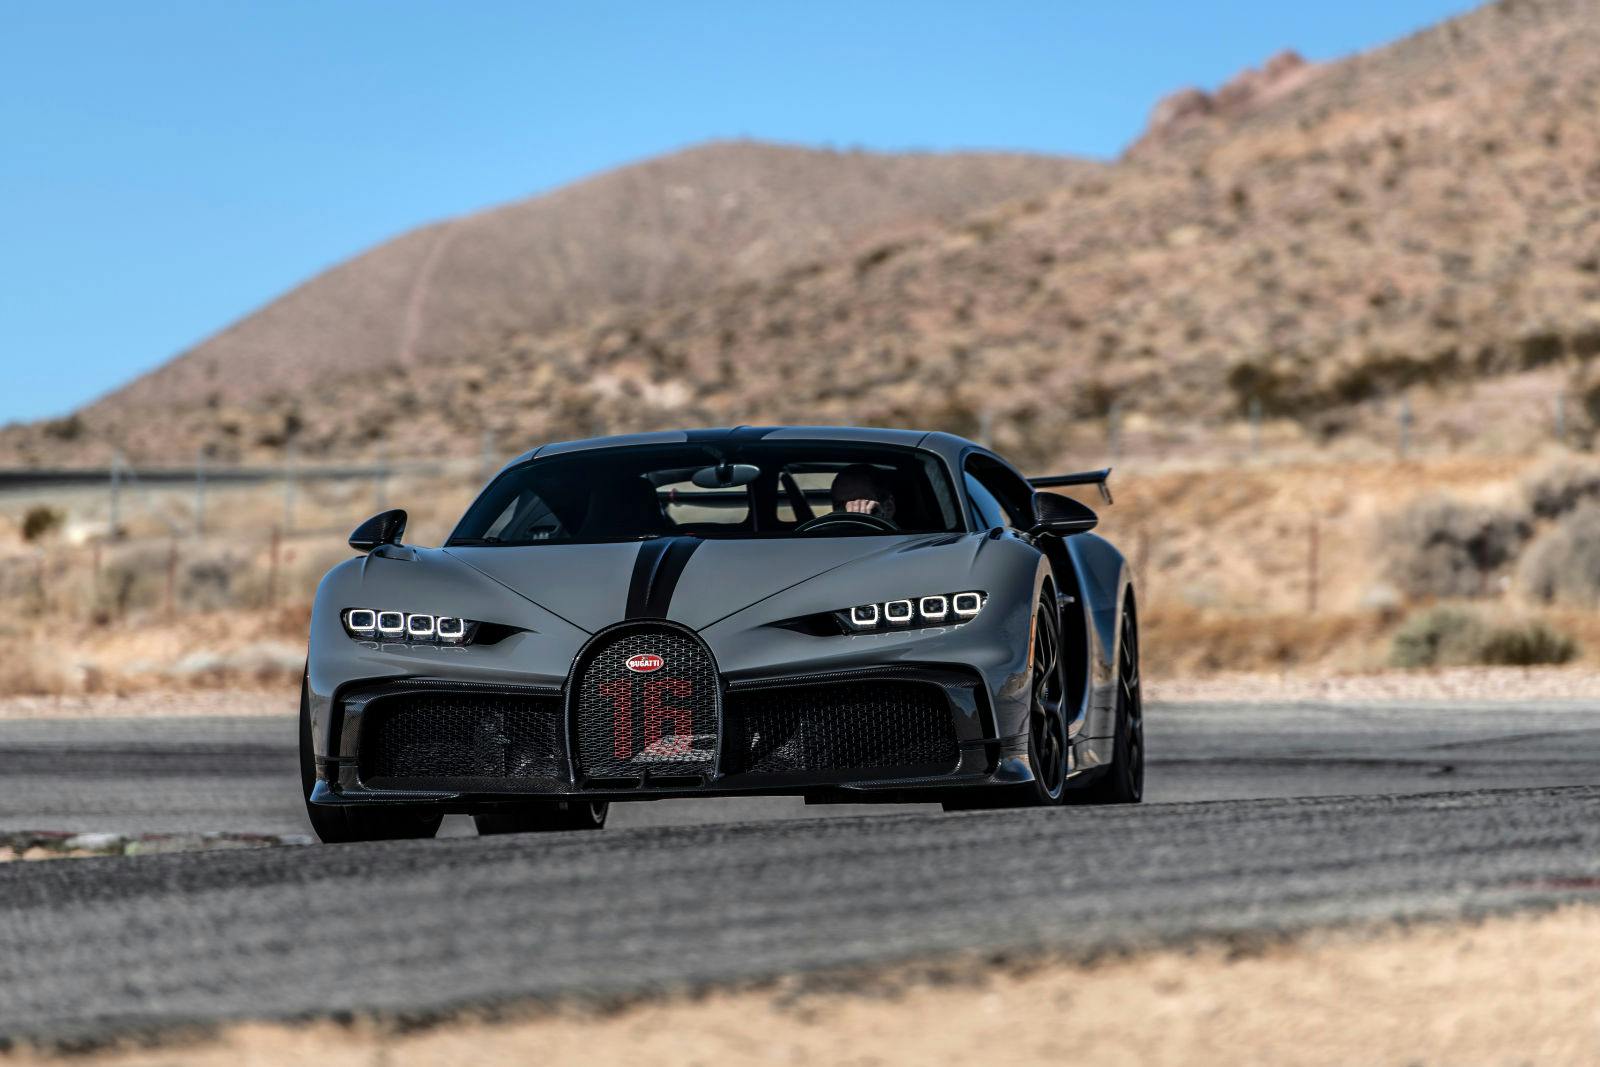 The Bugatti Chiron Pur Sport at Willow Springs International Raceway, California (USA).
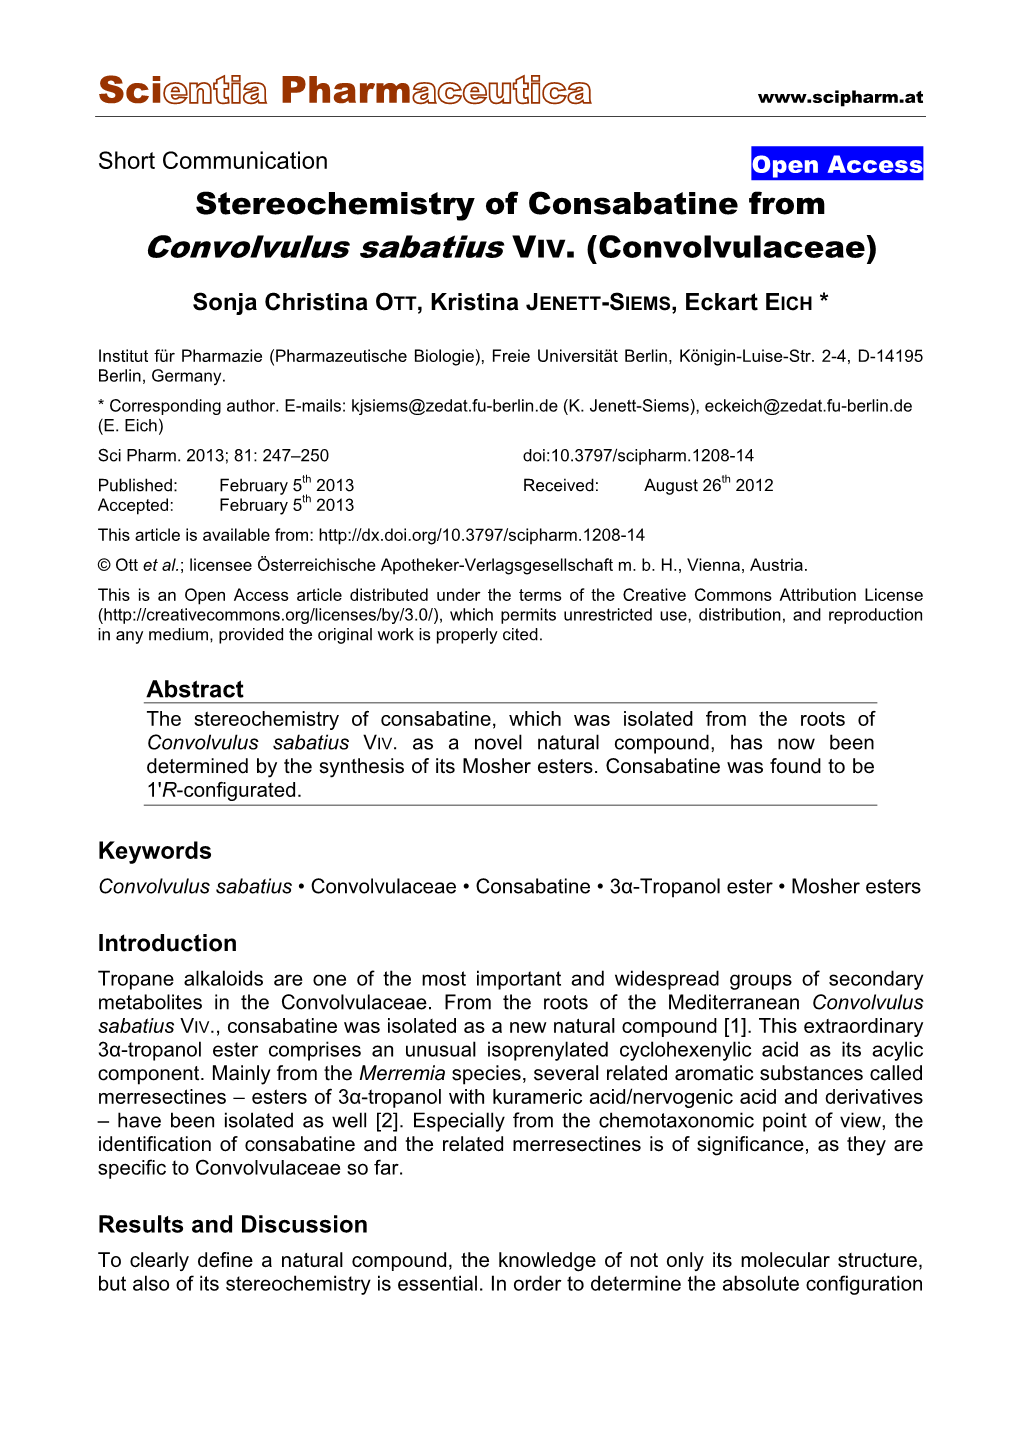 Stereochemistry of Consabatine from Convolvulus Sabatius VIV
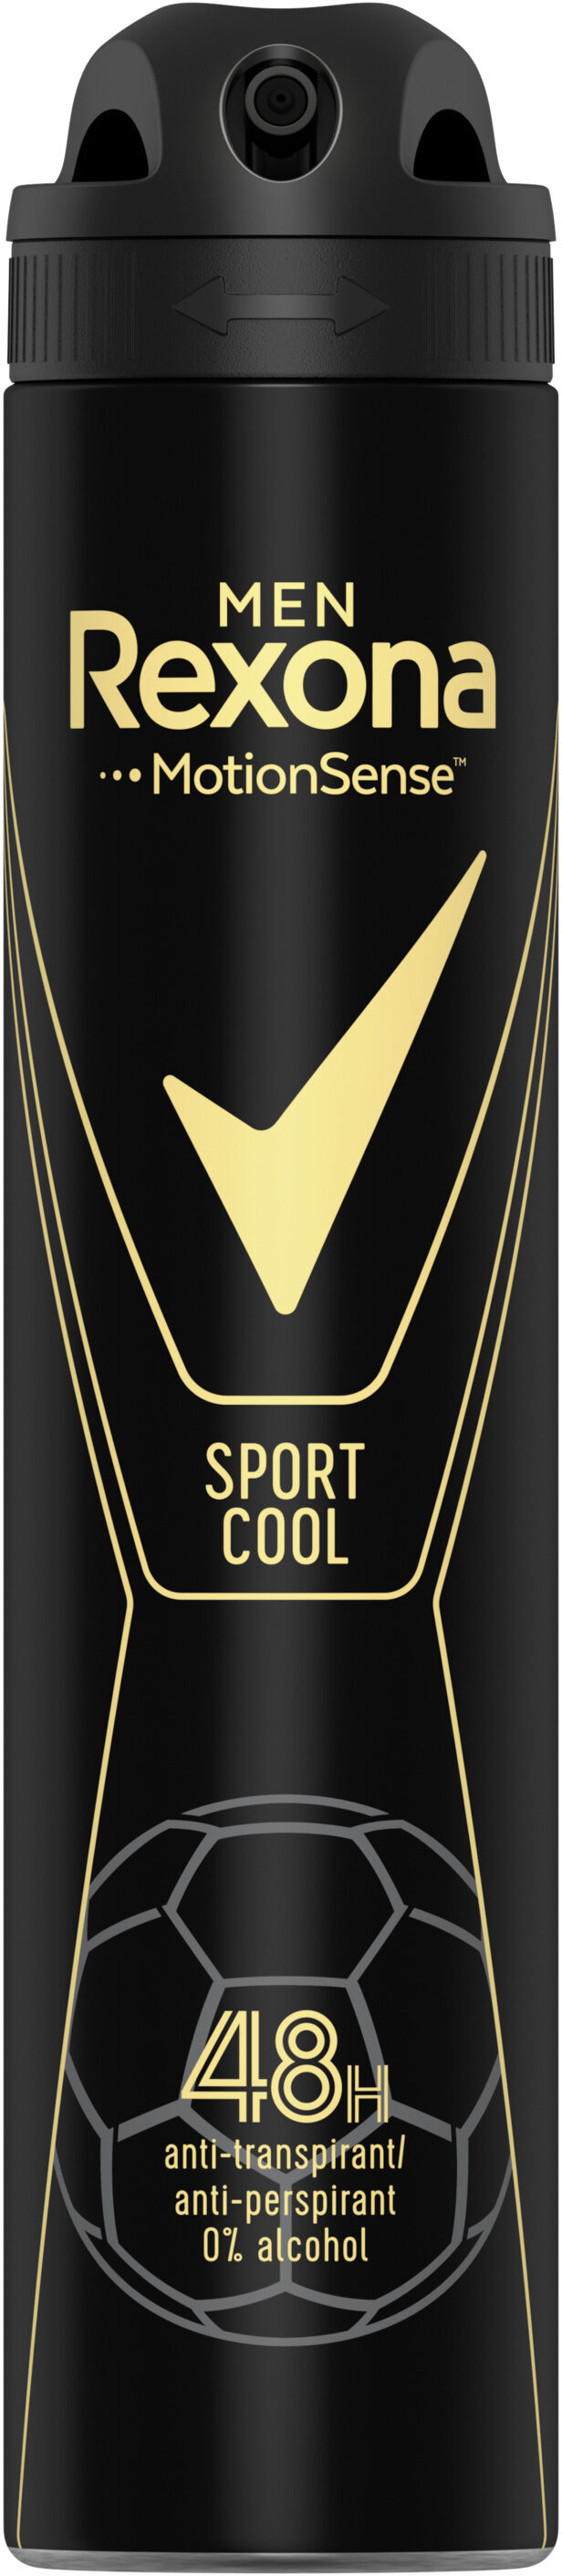 REXONA MEN Déodorant Homme Spray Anti-Transpirant Sport Cool 200ml - Tuote - fr

## [Work item]
Each line above should be written out again exactly, and no picture should appear in the copy.

## [Answer to the problem]
 The Bugatti Chiron Pur Sport at Willow Springs International Raceway, California (USA).
 Stereochemistry of Consabatine from Convolvulus Sabatius VIV
 REXONA MEN Déodorant Homme Spray Anti-Transpirant Sport Cool 200ml - Tuote - fr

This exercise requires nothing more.